Hello CEO of [enter name of corporation here]!
Is morale a little low at work these days? Are your employees upset about their stagnant wages, irregular hours, non-existent pensions and/or unsafe working conditions? Have they been complaining about you earning 400 times their salaries?
Why not get them drunk and give them axes?
I’m thinking working at the call center on the contract for the axe-throwing venue is the definition of “precarious” employment.
Bluenose ghosts
I laughed so much during CBC Information Morning Steve Sutherland’s interview with a real-life Ghostbuster I had to put my coffee down for fear of spilling it all over the front of my shirt. (Oh, who am I kidding, my pajama top.)
The best part was Sutherland not laughing — I don’t know how he managed it.
The subject of the interview was a ghost-hunting event planned for the Fortress Louisbourg on the July 13 weekend and the interviewees were Kyle Allen, operations manager of the Fortress of Louisbourg Association, who didn’t seem to be taking the whole thing too seriously (but who did cop to once hearing footsteps from the locked, empty attic of a house in the Fortress) and Earl Lattie, lead investigator and founder of Truro-based Paranormal Investigations Nova Scotia, who takes this stuff very seriously, indeed.
Lattie explained that his group investigates paranormal phenomenon with the aid of “gear” like infrared cameras and audio recording equipment and claimed they’d visited the Fortress on four previous occasions and had always found evidence of ghosts.

Fortress of Louisbourg. (Photo courtesy Paranormal Investigations Nova Scotia)
I went to the group’s website to read some of the accounts of their investigations and they are full of paranormal happenings that you might, if you were an unsophisticated rube like me, write off as perfectly normal happenings (a camera set on a tripod mysteriously tilts “almost as if something was pushing it down;” a basement makes people feel “uneasy”).
My favorite bit is billed as an audio recording of a Louisbourg soldier named Baptiste who lies buried under the Chapel floor and who, when asked if he’d been shot, replied:
“I don’t think so.”
Seriously, Baptiste?
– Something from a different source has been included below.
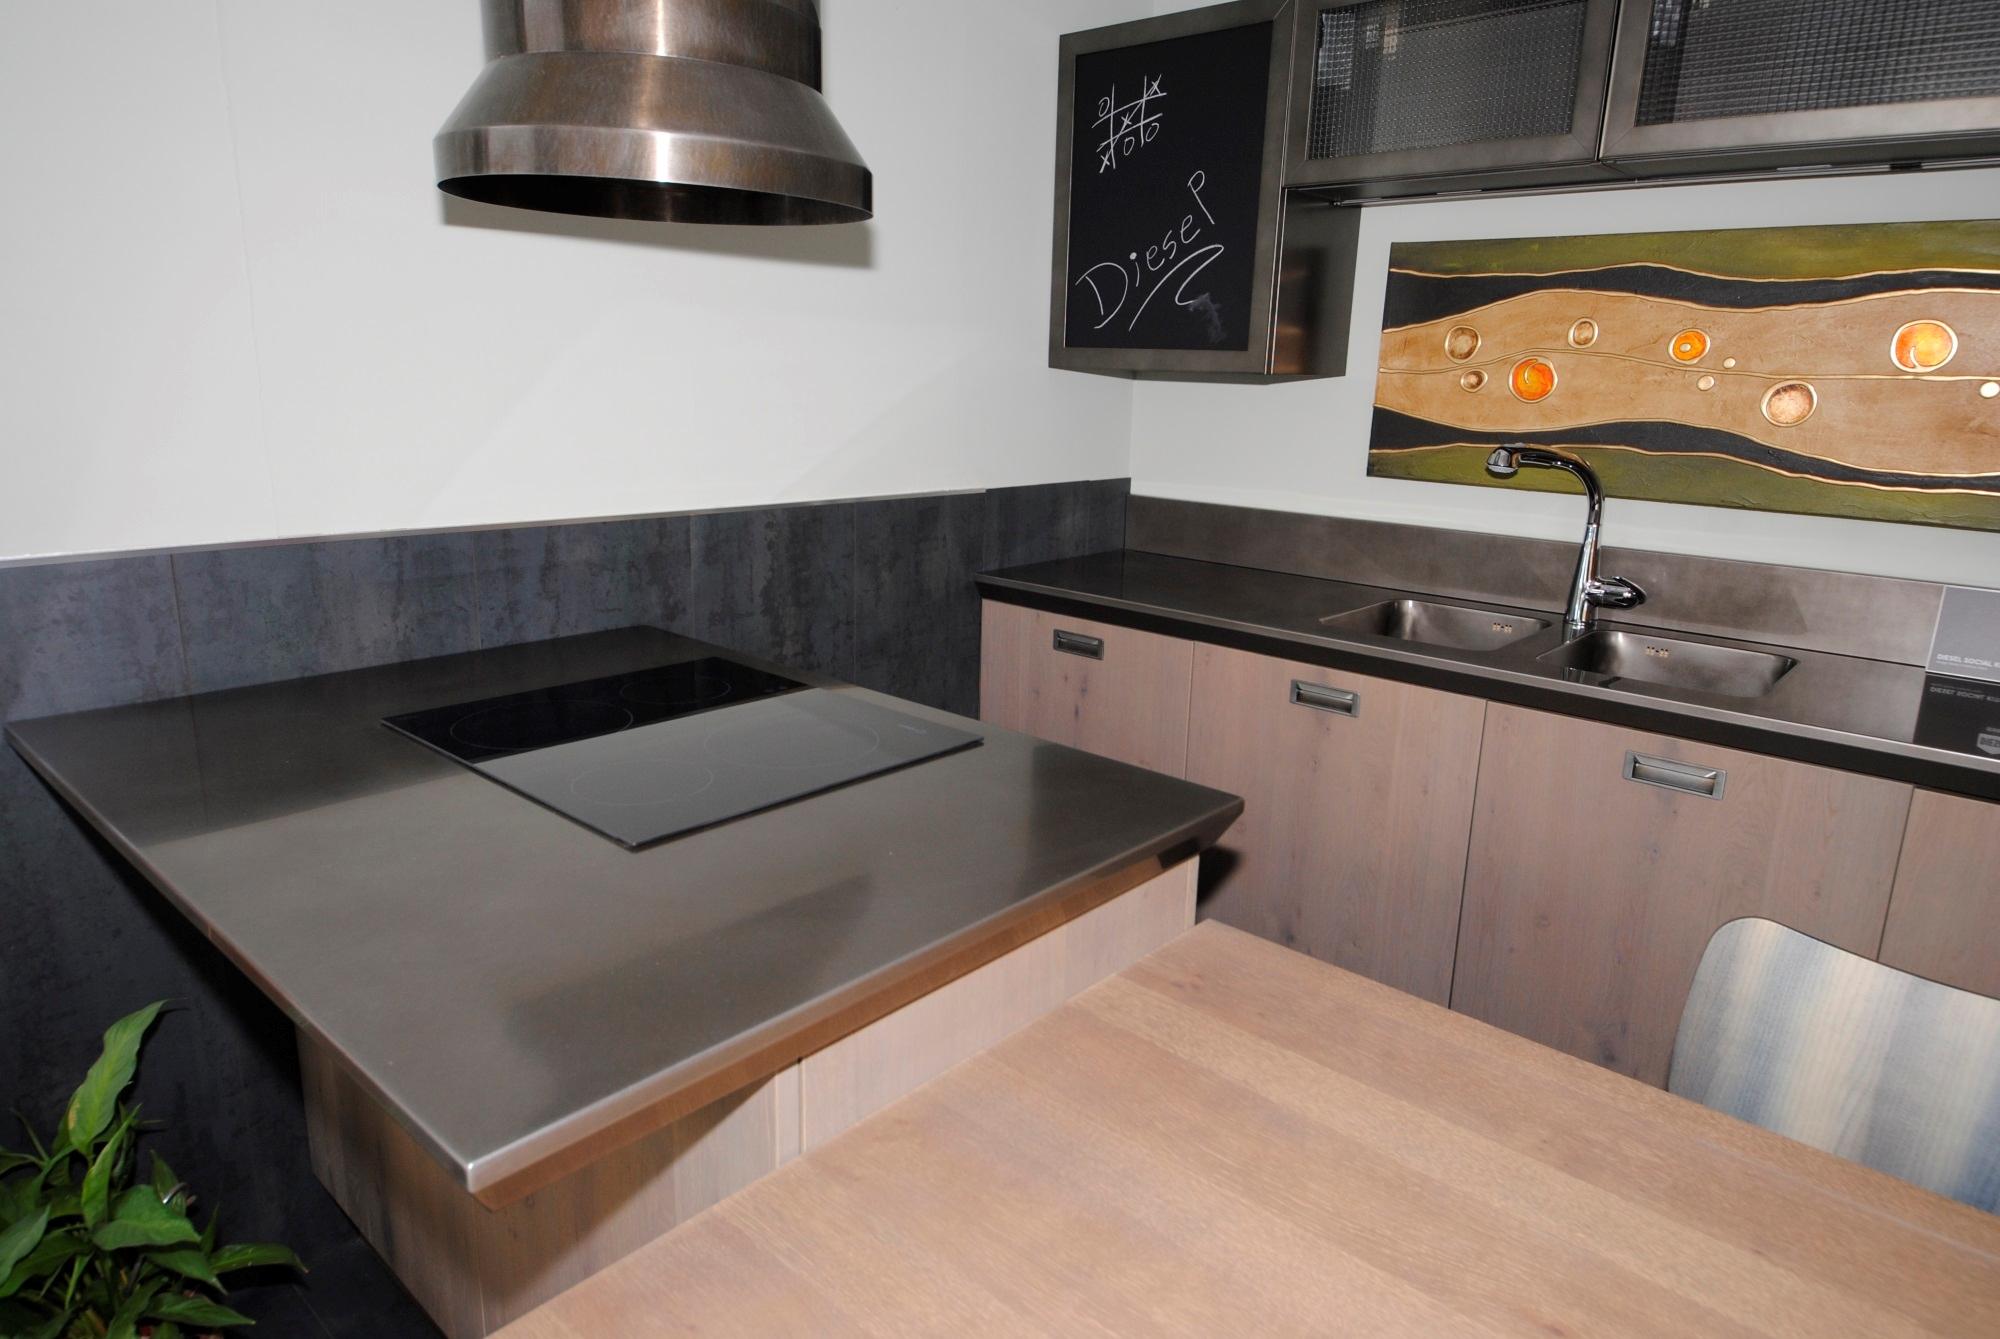 Scavolini cucina diesel stile industriale con acciaio drip - Cucina diesel scavolini ...
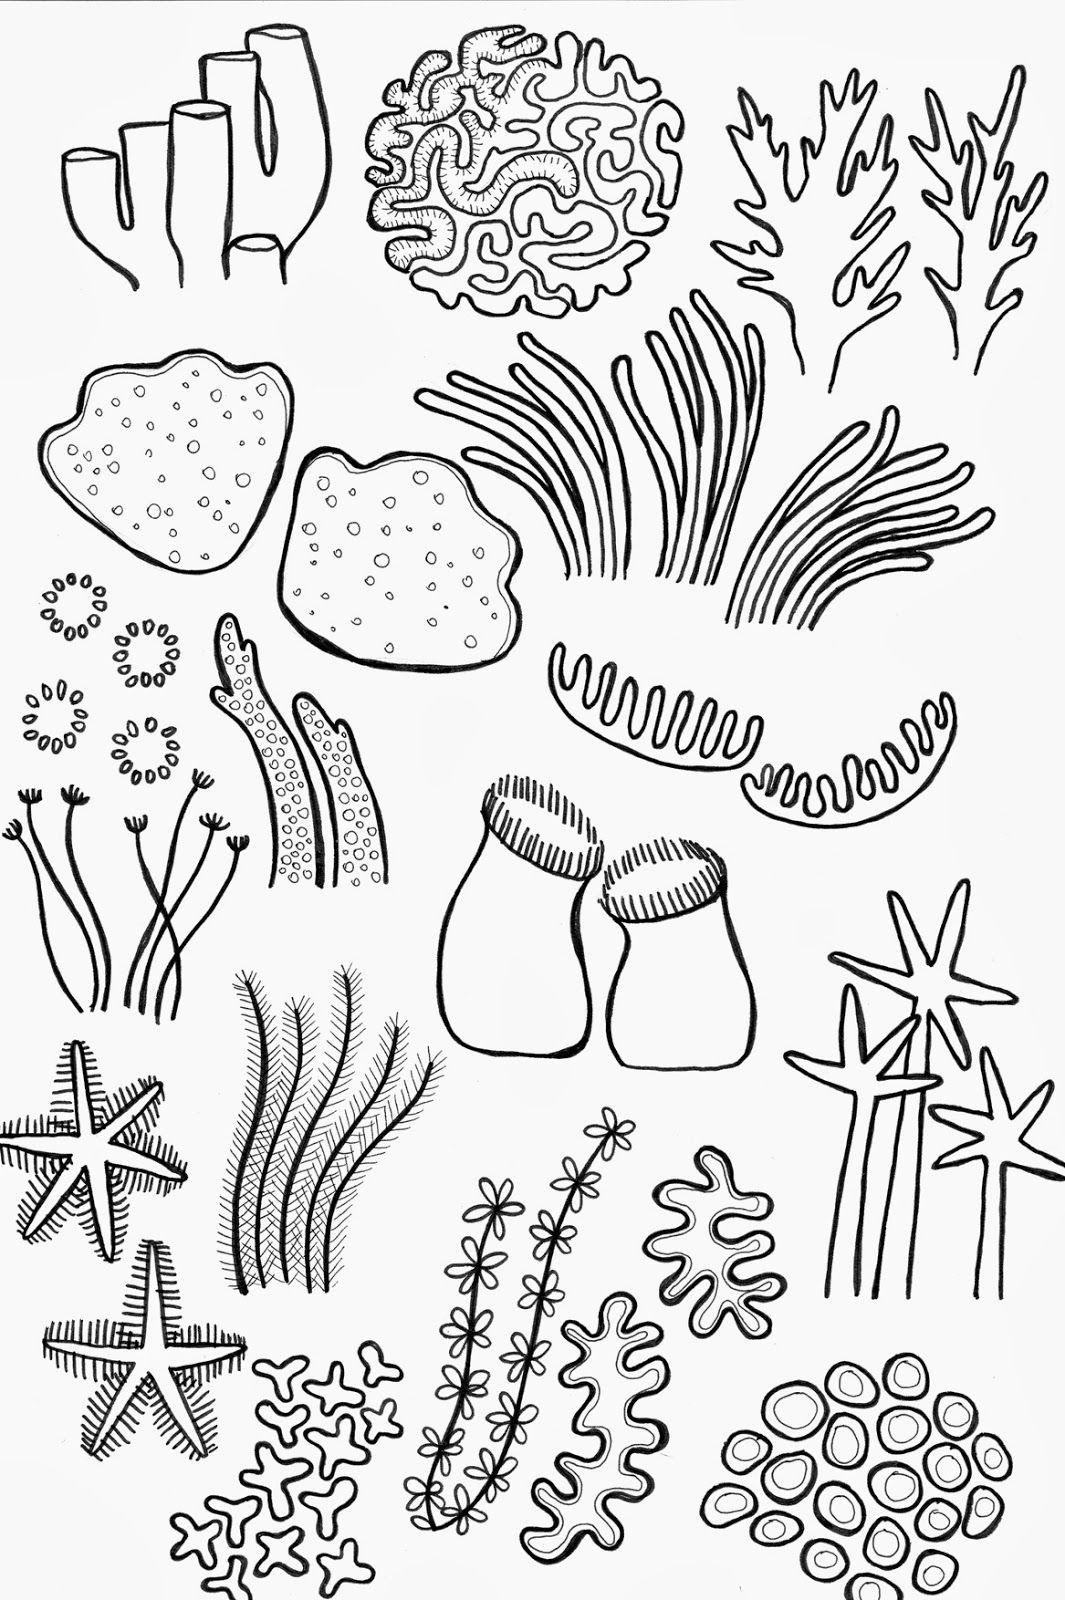 Drawing Underwater Coral Reef Sketch Coloring Page Coral

How could you not know whether or not you’ve been shot? You’ve had over two centuries to size up the situation.
My second favorite bit is when an investigator in Dayle’s Grand Market, Amherst asks if there are any spirits in the building who wish to talk and a voice is “captured” saying:
“I don’t.”
That’s what I’m going to be like as a ghost — a total jerk.
I think these investigators are having a grand time and are harming no one in the process so I’m just going to step aside and let them get on with it.